Despite international pressure, the situations remained unchanged. The ethnic minorities across Myanmar – the Rakhine, Chin, Shan, Kachin, Mon, Rohingyas and others have been targets of military attacks. Param-Preet Singh –the Associate Director at the International Justice Program (IJP) highlighted the need for a strategic, cohesive and sustained action by United Nations Security Council (UNSC) to protect the ethnic minorities in Myanmar.27 The United Nations OHCHR has urged the government of Myanmar to embrace the upcoming elections in November 2020, and utilise the opportunity to establish democracy and address the root causes of abuses suffered by ethnic minorities. The unilateral ceasefire announced by the Tatmadaw must include Rakhine and Chin states, and the military along with the government, must initiate talks with the Arakan Army to ensure peace in the country.

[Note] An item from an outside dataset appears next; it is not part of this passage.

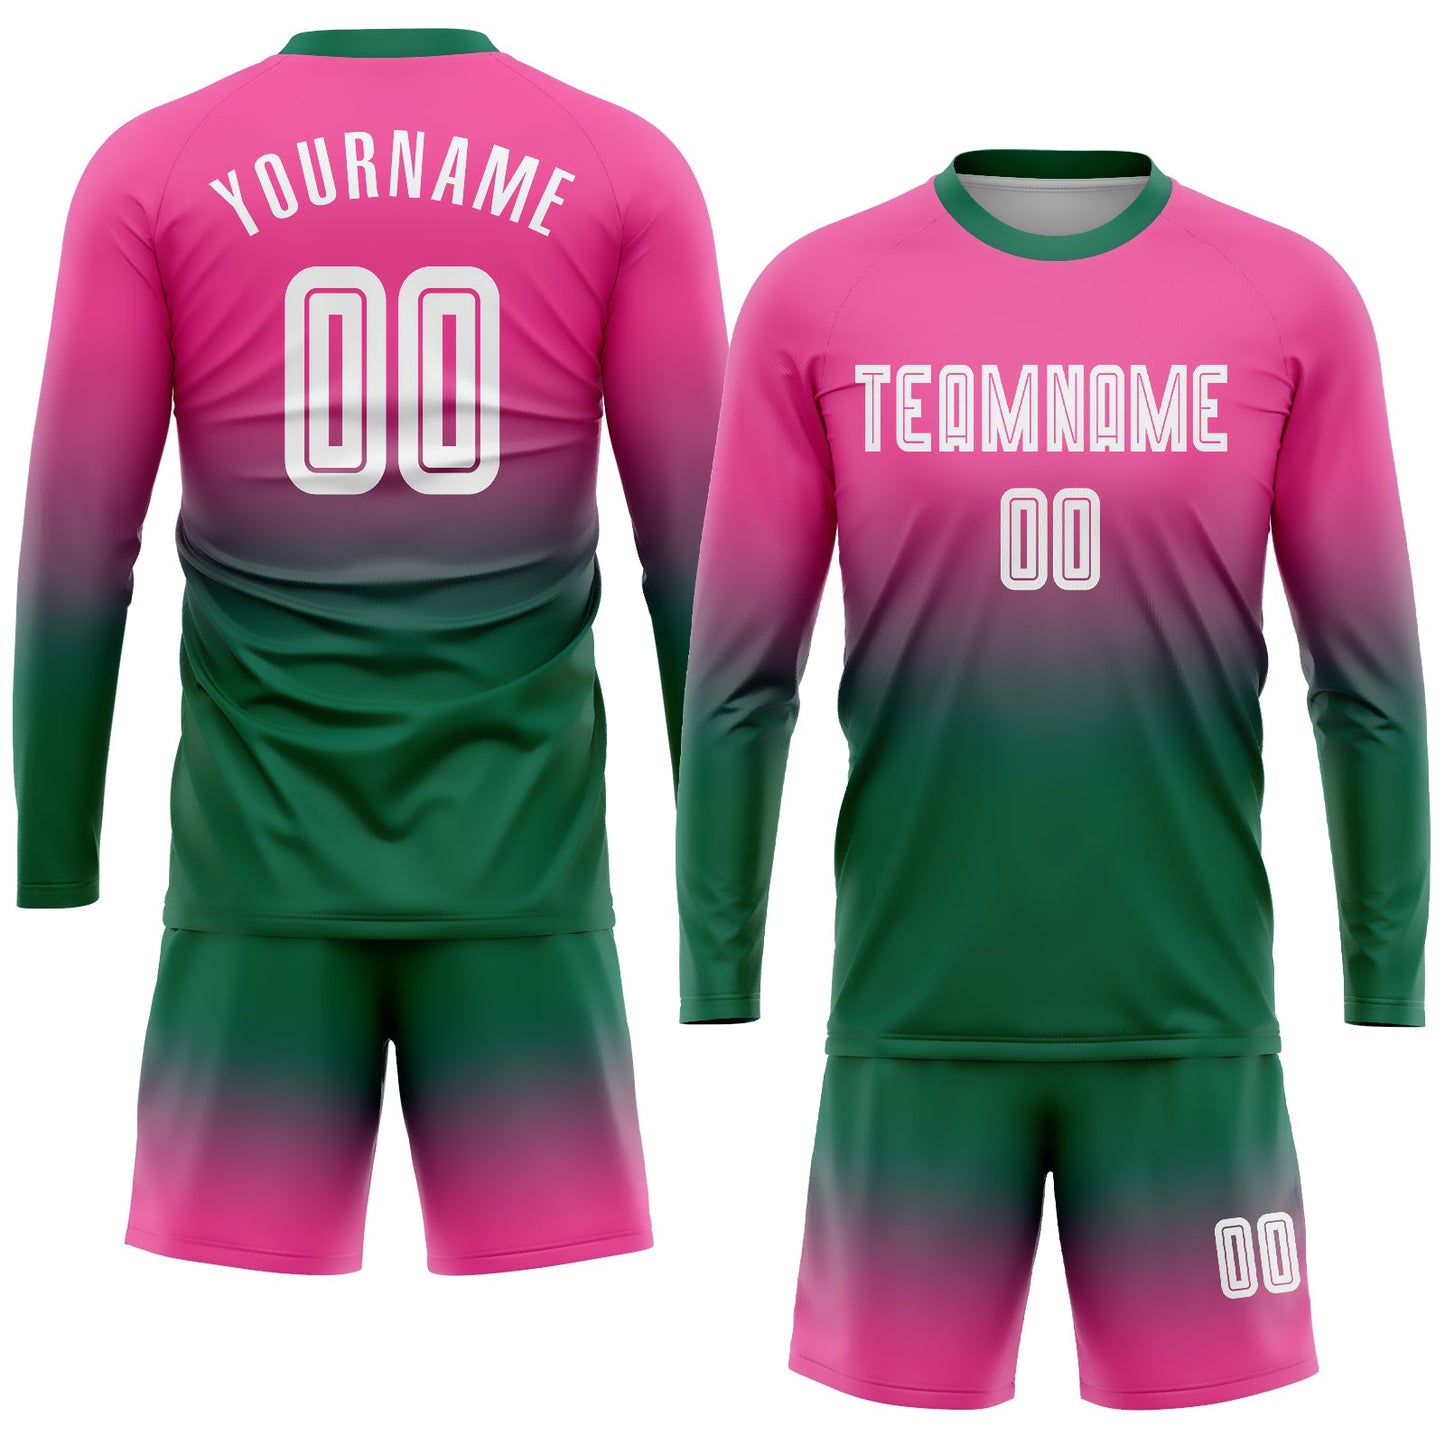 Maillot d'uniforme de football à manches longues, personnalisé, rose, blanc, vert Kelly, par Sublimation, à la mode, fondu
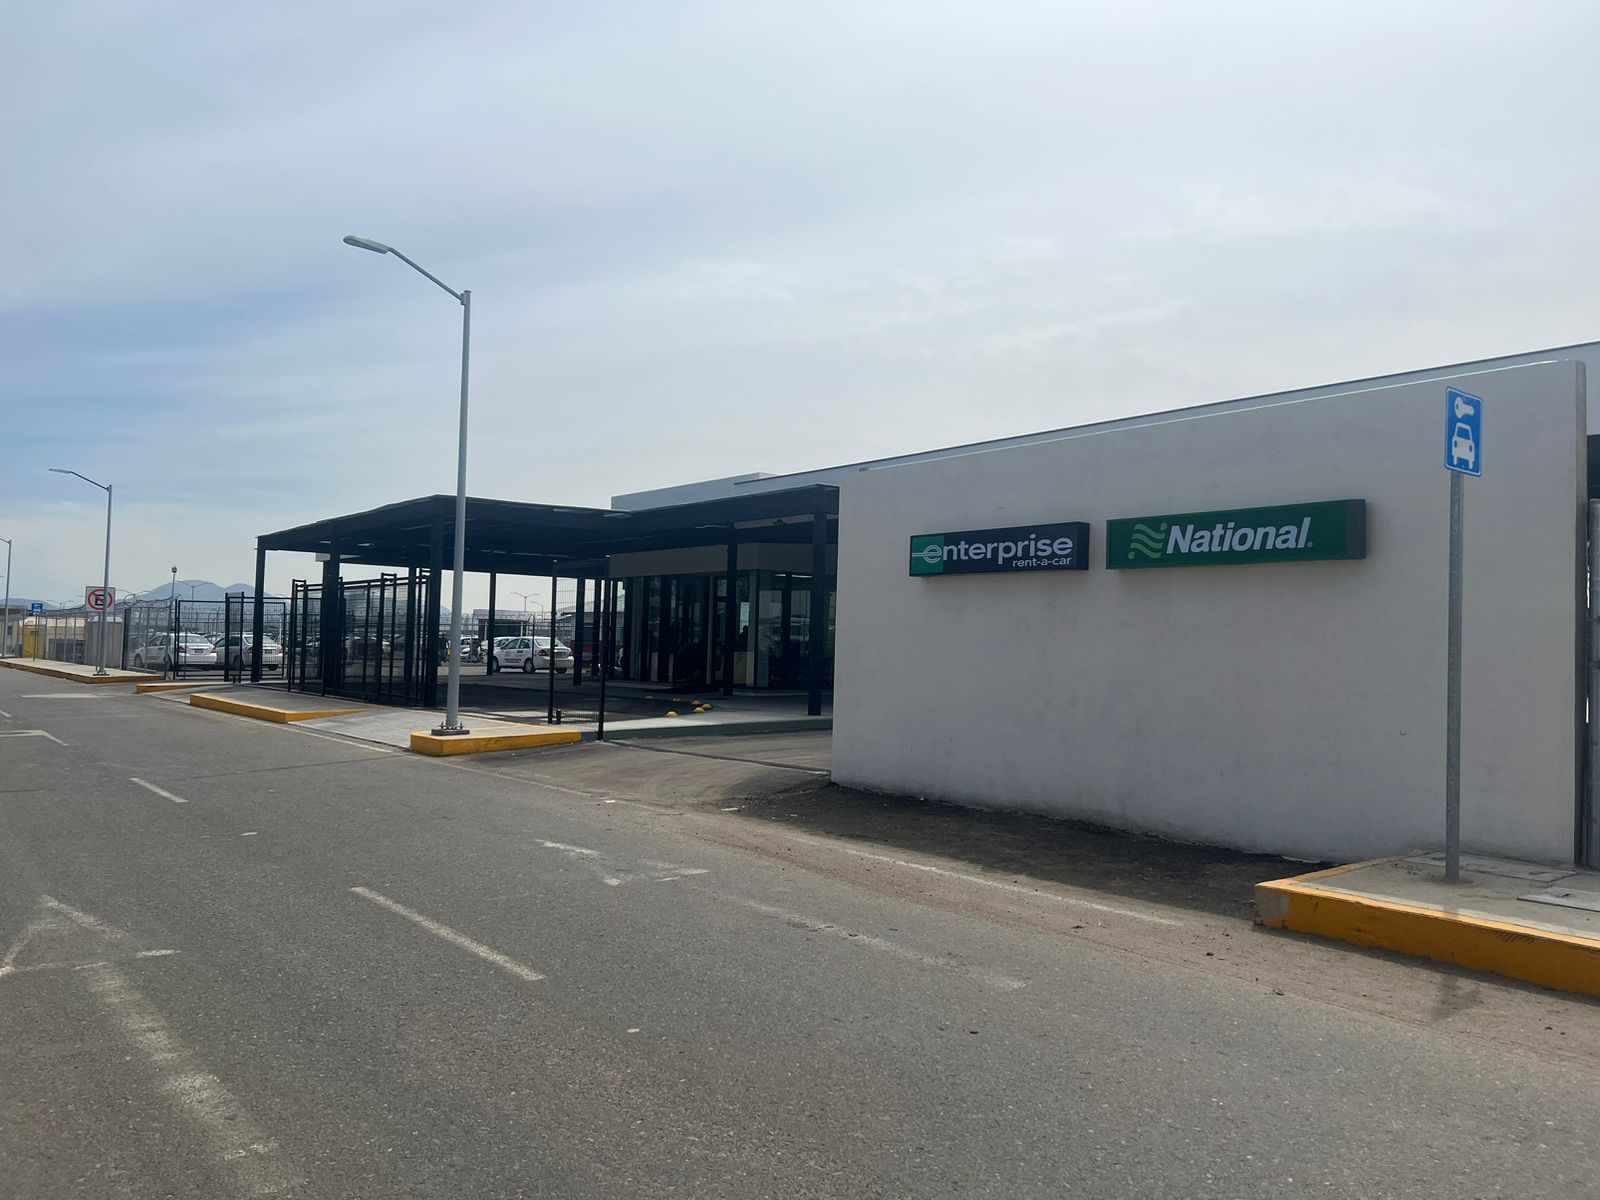 Renta de Autos en Tijuana - Aeropuerto Internacional

The November 2020 elections offer the chance to restore political rights to the Rohingya, who were able to participate in all votes until 2010. This continuing process of disenfranchisement effectively prevents Rohingya from enjoying their fundamental rights. The authorities also need to demonstrate the commitment to the process of returns for displaced Rohingya and to take necessary measures to address the root causes that led to the crisis, including amending the 1982 Citizenship Law to restore their nationality and ensuring accountability for crimes committed against them.